Conditions Governing Use
The Jacobus tenBroek Library holds copyright on some, but not all, of the material in our collections. Requests for permission to publish material from this collection should be directed to the Archives staff. Researchers who obtain permission to publish from the Jacobus tenBroek Library are also responsible for identifying and contacting the persons or organizations who hold copyright.
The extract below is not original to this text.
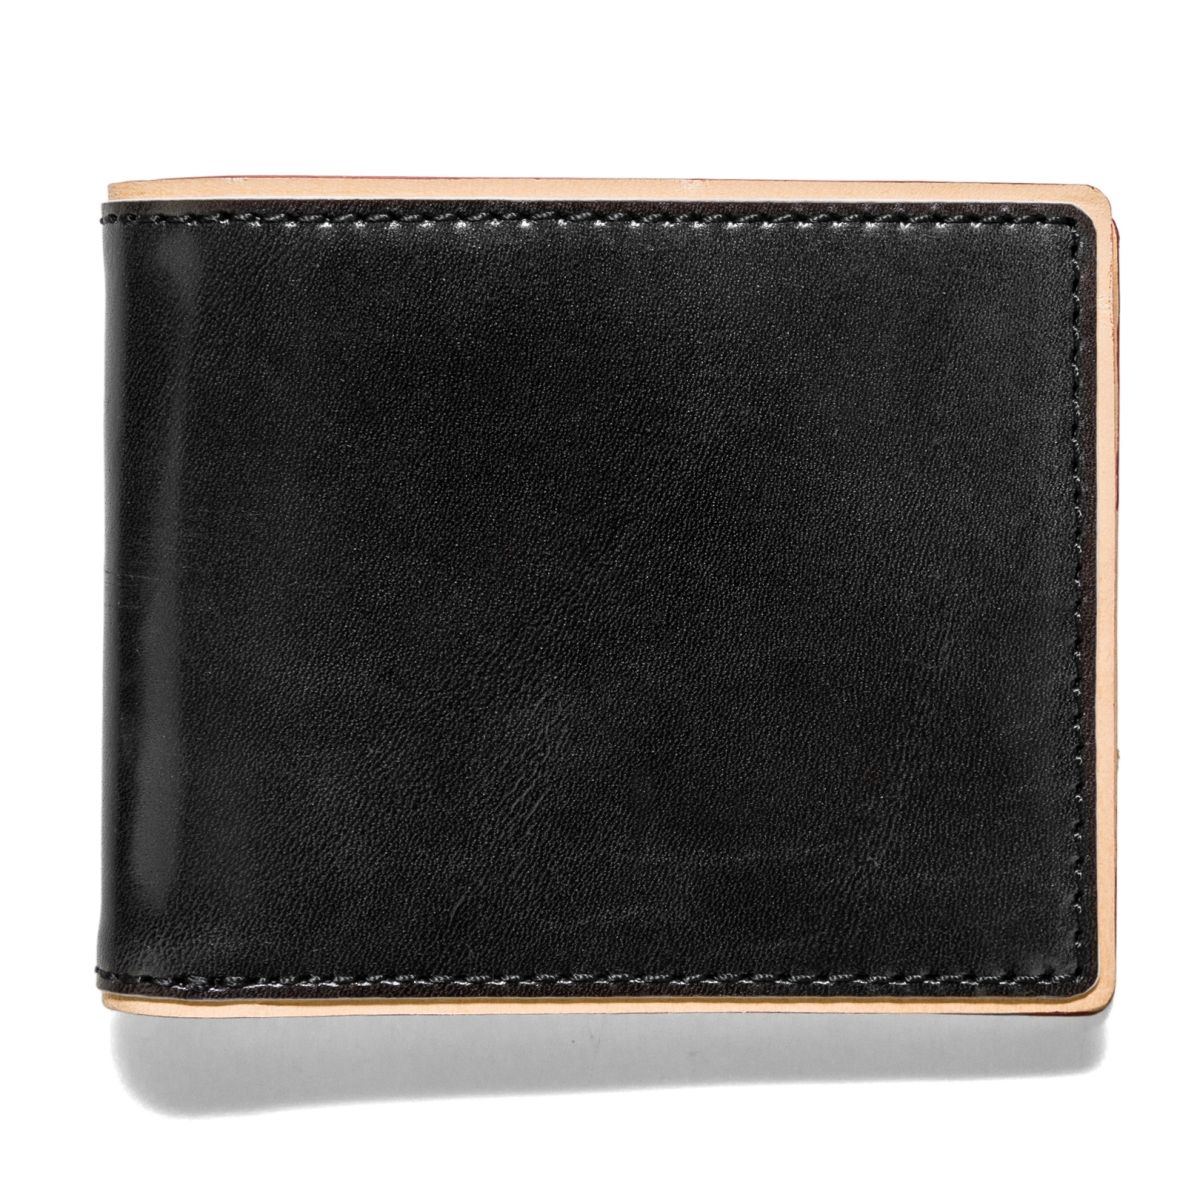 J.FOLD DUOTONE Leather Wallet - Black

Biographical or Historical Information
Isabelle Lyon Dean Grant was born in 1896 in Lossiemouth, Moray, UK, on the coast of northeastern Scotland. Grant attended school in the nearby town of Elgin and received her leaving papers in 1913. Under her maiden name she earned a master's degree with honors from the University of Aberdeen in 1917 and then taught in Scotland and England until 1922. It is unclear when she married her husband, Alexander Lewis Grant, but it was sometime before 1924 because their Ellis Island passenger records show that they were married when they immigrated to the United States that year. In 1927 Grant became a teacher in the Los Angeles City Schools and began helping minority youths in the schools and the California court system, often serving as an interpreter for those who could not speak English. In 1929 Grant received a degree from the University of Paris, Institute of Phonetics, and she studied at the University of Madrid in 1938. She received her doctor of philosophy degree from the University of Southern California in 1940. Her husband, who had worked as a physician in Los Angeles, passed away in the early 1940s. After his death, Grant continued to work her way up through the Los Angeles City Schools and was a vice principal for girls at Belvedere Junior High School in the late 1940s.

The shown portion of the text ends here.